I have a problem with the whole premise that games are the bigger thing that we need to connect to in order to have meaning in our lives. Is it truly better to have an unending supply of meaningless rewards in order to be happy? It seems to me that if people are playing games to escape reality the problem runs much deeper than something games can fix. I'm not sure if providing more rewards or making up games for more escapism is truly beneficial. And do all of these gamers who want to escape reality also want to save the real world?

But my main problem with her book is the Big Brother overtones that come with tracking where people are through their cell phones - in order to play a game. I find it truly frightening when she writes "...it represents the new kind of epic win that is possible in a world where more and more people are willing to use their mobile phones to broadcast where they are and what they need." (pg. 257) Being tracked is not an "epic win" in my mind. And I can also see where many of her ideas for creating happiness while interacting with others could also easily be used for nefarious activities. The final part of the book only convinced me that in the future there will be an even greater need for more safe guards of our personal online security.
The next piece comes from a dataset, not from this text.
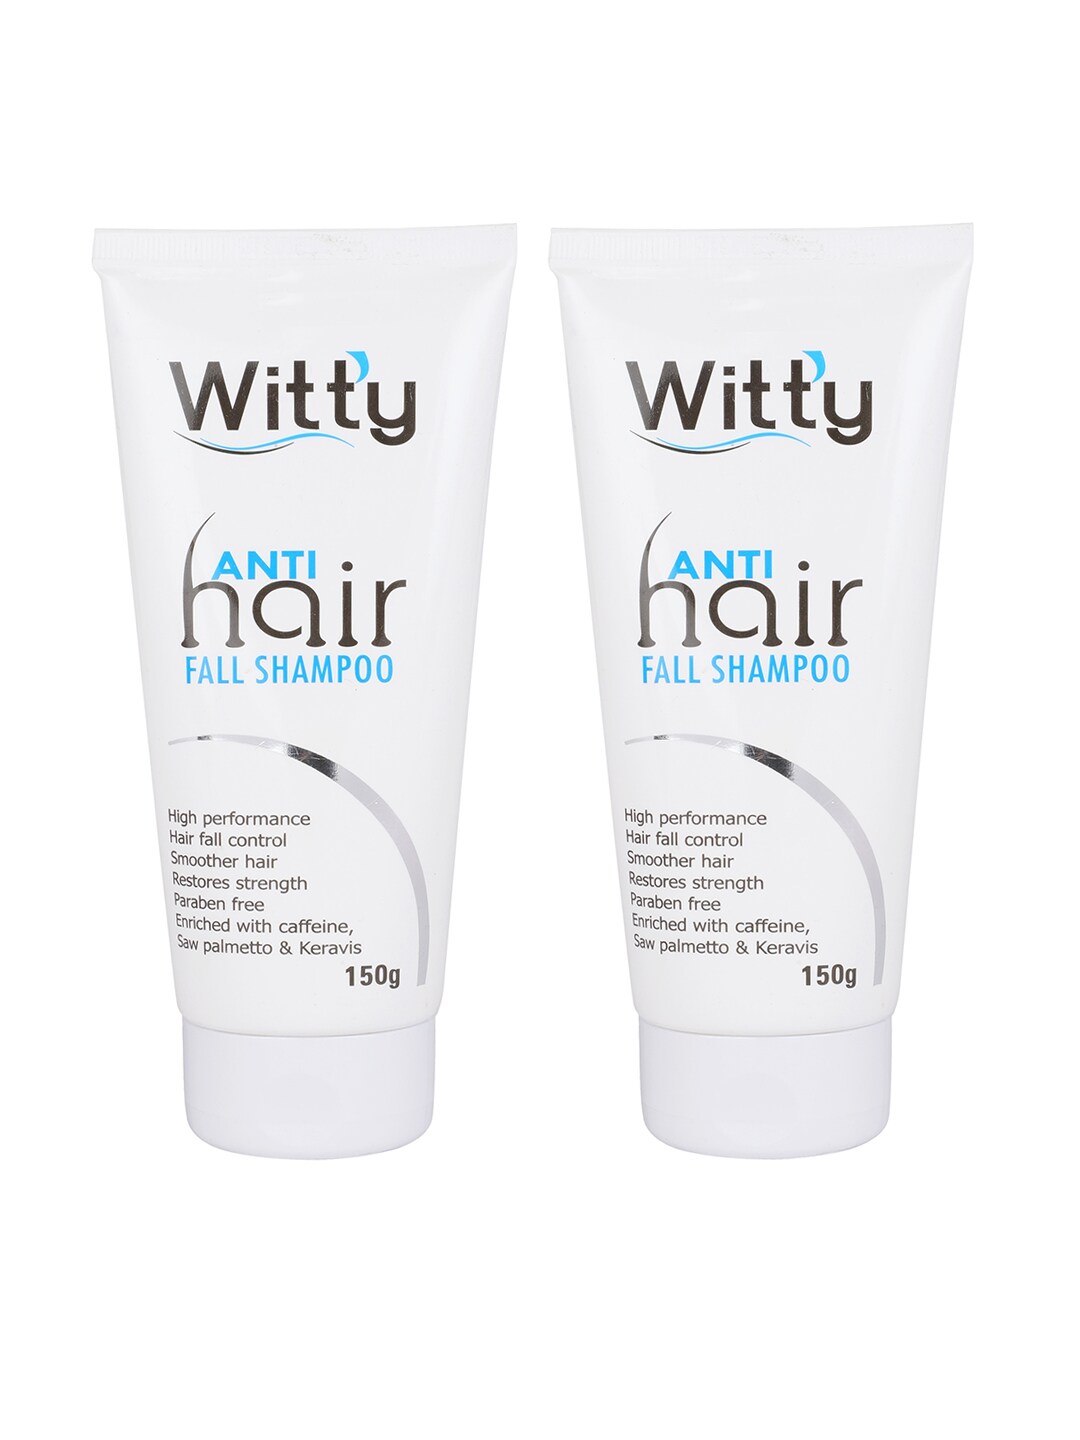 Navitus Set Of 2 Witty Anti Hairfall Shampoo - 300gm Price in India
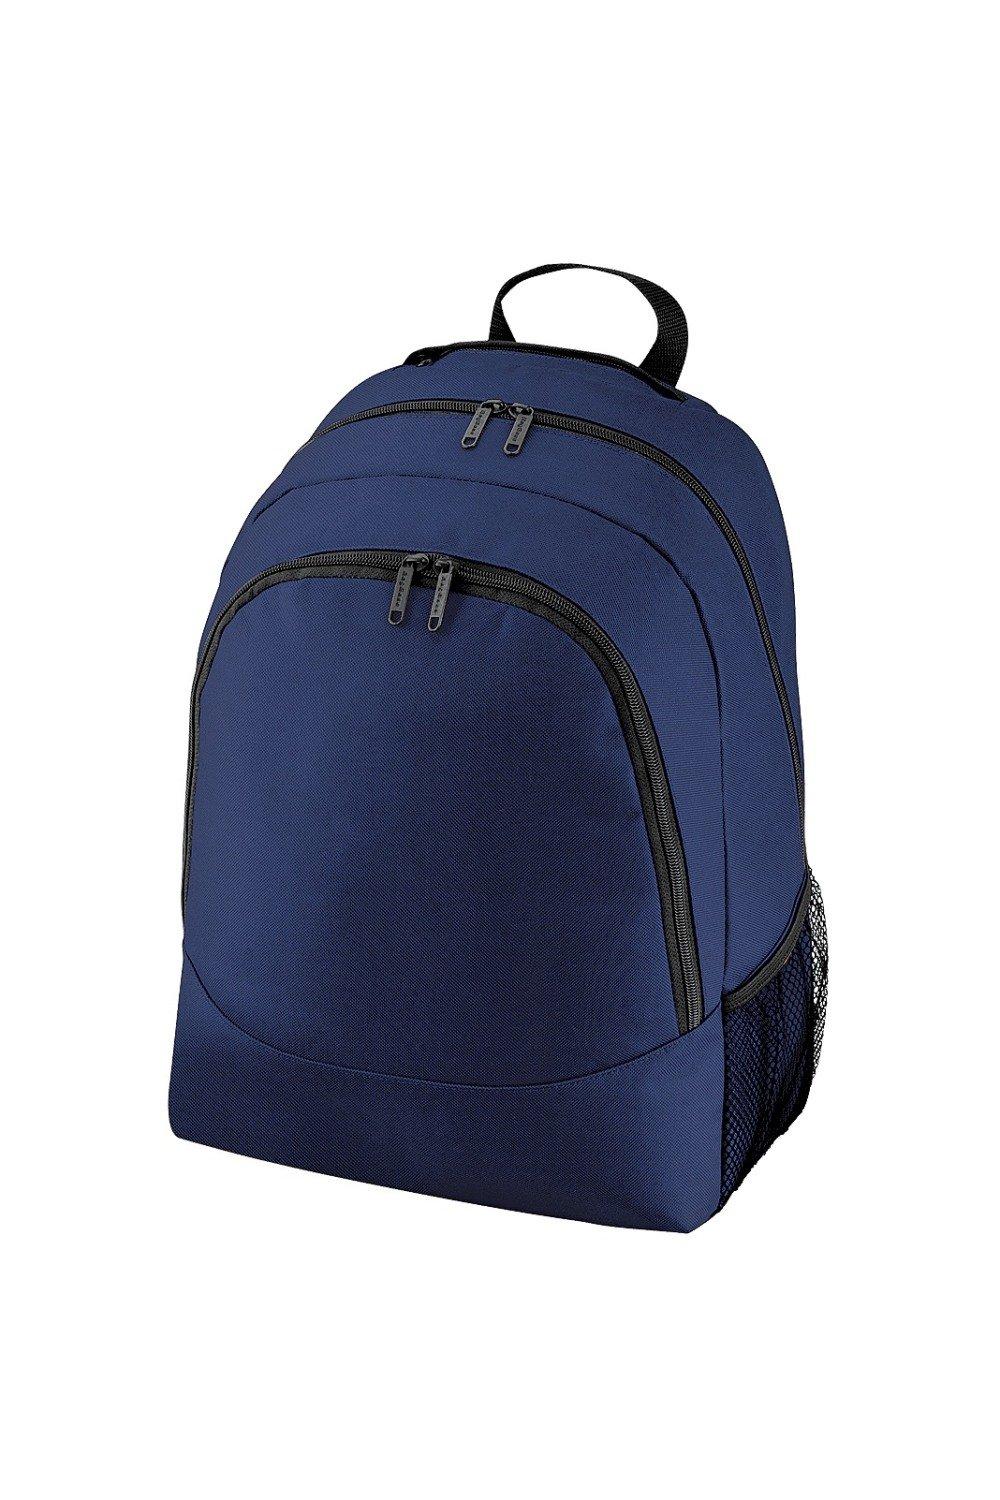 Универсальный многоцелевой рюкзак/рюкзак/сумка (18 литров) Bagbase, темно-синий чехол задняя панель накладка бампер mypads mp3 для huawei honor 6 plus pe ul00 tl20 tl10 cl00 75 7 противоударный

I would be remiss if I didn't add that I could see several positive uses for new games in the future that would be epic wins, especially in education, which is why the book is recommended.

Recommended

(Disclosure: I received this copy from the publisher after winning an online giveaway.)

(Additional note: My son, a programmer, said to tell people to read Halting State by Charles Stross. It's relevant to the topic but not nearly so optimistic.)

Quotes:

Gamers have had enough of reality. opening

What if we decided to use everything we know about game design to fix what's wrong with reality? What if we started to live our real lives like gamers, lead our real businesses and communities like game designers, and think about solving real-world problems like computer and video game theorists? pg. 7

And I've come to believe that people who know how to make games need to start focusing on the task of making real life better for as many people as possible. pg. 8

The people who continue to write off games will be at a major disadvantage in the coming years. Those who deem them unworthy of their time and attention won't know how to leverage the power of games in their communities, in their businesses, in their lives. They will be less prepared to shape the future. pg. 11

In fact, it's a truism in the game industry that a well-designed game should be playable immediately, with no instruction whatsoever. pg. 25

....it's evidence that gamers aren't escaping their real lives by playing games. They're actively making their real lives more rewarding. pg. 51

Games like Lexulous and FarmVille ensure we'll show up and do our part to nurture our relationships daily, and make a gesture of friendship whenever it's our turn. pg. 81-82

By the age of twenty-one, the average young American has spent somewhere between two and three thousand hours reading books - and more than ten thousand hours playing computer and video games. pg. 266

4 comments:

Carl V. Anderson said...

I LOVED Halting State. It is a very different book as far as the writing style, but I did enjoy it a lot.

Lori L said...

I enjoyed Halting State quite a bit and gave it a "highly recommended" but admitted that some of the techno-jargon left me baffled. Aforementioned programmer son, however, loved it.

Carl V. Anderson said...

I think I enjoyed it more than the 'average' reader because I play a lot of computer and console games, so the gaming stuff was right up my alley.

Lori L said...

Exactly, Carl! I knew my son would appreciate Halting State even more than I did because he's plays a whole lot more computer and video games than I do. I was right. He's loaned it out to a gaming friend and bought more Stross.